Substitution rates clearly vary among lineages and we, like Peterson et al (2004), found no justification for using rates calibrated by fossils from one kingdom to estimate dates in another. We had hoped that, given enough genes, rate variation would average out to be comparable for all lineages or else that variation would follow a pattern that could be accommodated with an autocorrelation parameter. Instead, even with multigene phylogenies from two different datasets, substitution rates not only varied but the variation was not correlated by lineage. Our taxon sampling was limited by available genomes and by computational limits. If more diverse taxa were sampled from the fungal phyla, rate autocorrelation might be evident. However ages still might be distorted by undetected rate change when the nodes of interest are the old ones and the rate changes have accumulated on the long branches of the stem lineages.
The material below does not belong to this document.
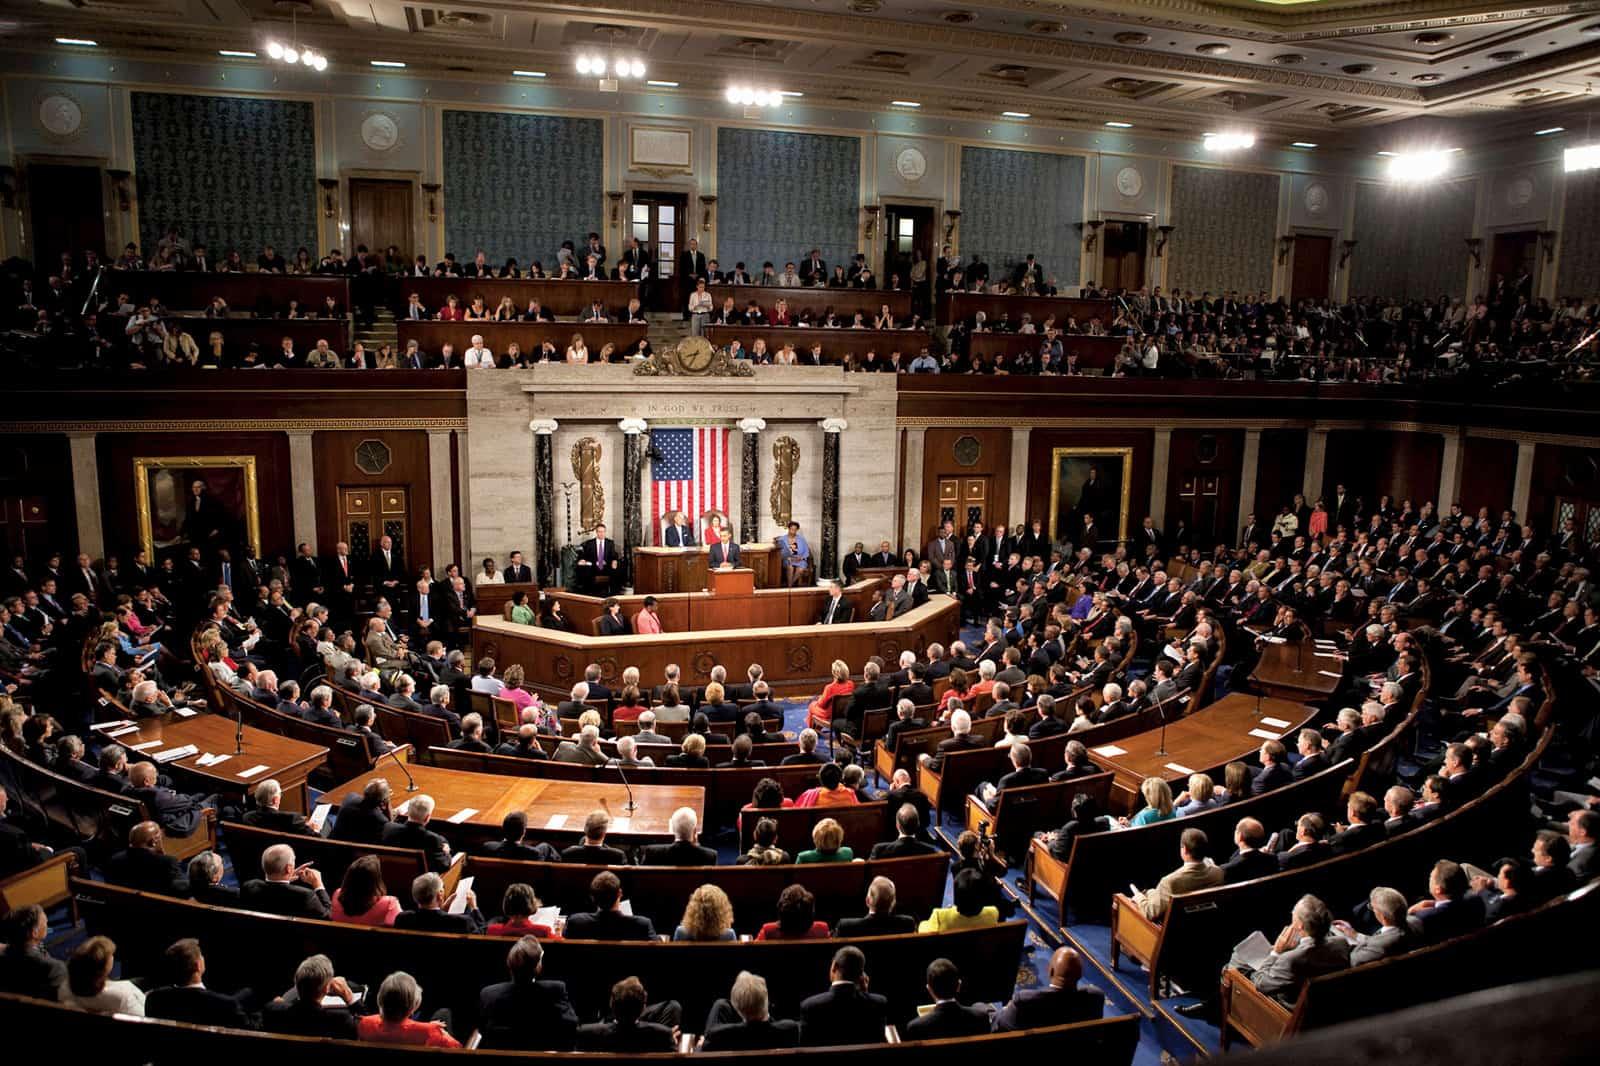 Three Gun Control Bills Ready for Floor Vote

To improve on earlier molecular clock estimates for divergence times, it appears as if fossil calibration points will be needed within the lineages of taxa that have relatively constant substitution rates. Paleopyrenomycites is beautifully preserved and has been carefully described as a perithecial ascomycete with an ostiole, paraphyses and elongate asci that contain as many as 32 ascospores (Taylor et al 1999, Taylor et al 2005). However can we rule out its belonging to the Taphrinomycotina or an even earlier diverging, but extinct, group of Ascomycota? Although most described Taphrinomycotina lack ascomata, species of the Taphrinomycotina genus Neolecta do have open, apothecial ascomata. Although no partially closed, flask-shaped ascoma are known among extant Taphrinomycotina, this type of ascoma is found in several classes of Pezizomycotina: Sordariomycetes, Dothideomycetes and Chaetothyriomycetes. It has evolved more than once and also could have evolved in Taphrinomycotina or in fungi extant before the divergence of Taphrinomycotina. Therefore we raise the possibility that this fossil is not a member of the Sordariomycetes but might represent a lineage that arose earlier in the history of Ascomycota than did Sordariomycetes. Our claim obviously cannot easily be tested by currently available fossils. To evaluate our proposal, the most informative fossils would be those that have a continuous record with a discernable shift in phenotype that correlates with the emergence of a new taxon (e.g. a fungal

equivalent to the pollen record and the emergence of tricolpate pollen). Where might mycologists look for a similar record, one where a shift in spore form could be recognized easily by microscopic analysis? Among thick-walled spores that could be expected to preserve well, perhaps the shift from mitospores without internal septations to longitudinally septate spores could provide a minimum age for Dothideomycetes? Or, if thin-walled spores preserve well, the shift from symmetrical spores to asymmetrical spores with hilar appendices could provide a minimum age for Basidiomycota? Are the answers to these questions to be found in microscope slides of fossil pollen already prepared by paleobotanists? Pursuing this question will require collaborations of mycologists and paleobotanists; that much is certain. ACKNOWLEDGMENTS

We thank K. Peterson and A. Rokas for datasets and A. Rokas for advice on applying reciprocal orthology. M. Sanderson kindly checked our cross validation results with R8S. D. Carmean installed and tested software. B. Thomas assisted with running MrBayes on the UCB, CNR computing cluster. T.N. Taylor kindly provided photographic prints used in Figure 1. JWT is supported by NSF DEB-0316710 and DEB 0516511. MLB is supported by the National Science and Engineering Research Council of Canada. We also acknowledge support from NSF 0090301, Research Coordination Network: a phylogeny for kingdom Fungi to M. Blackwell, J.W. Spatafora and J.W. Taylor.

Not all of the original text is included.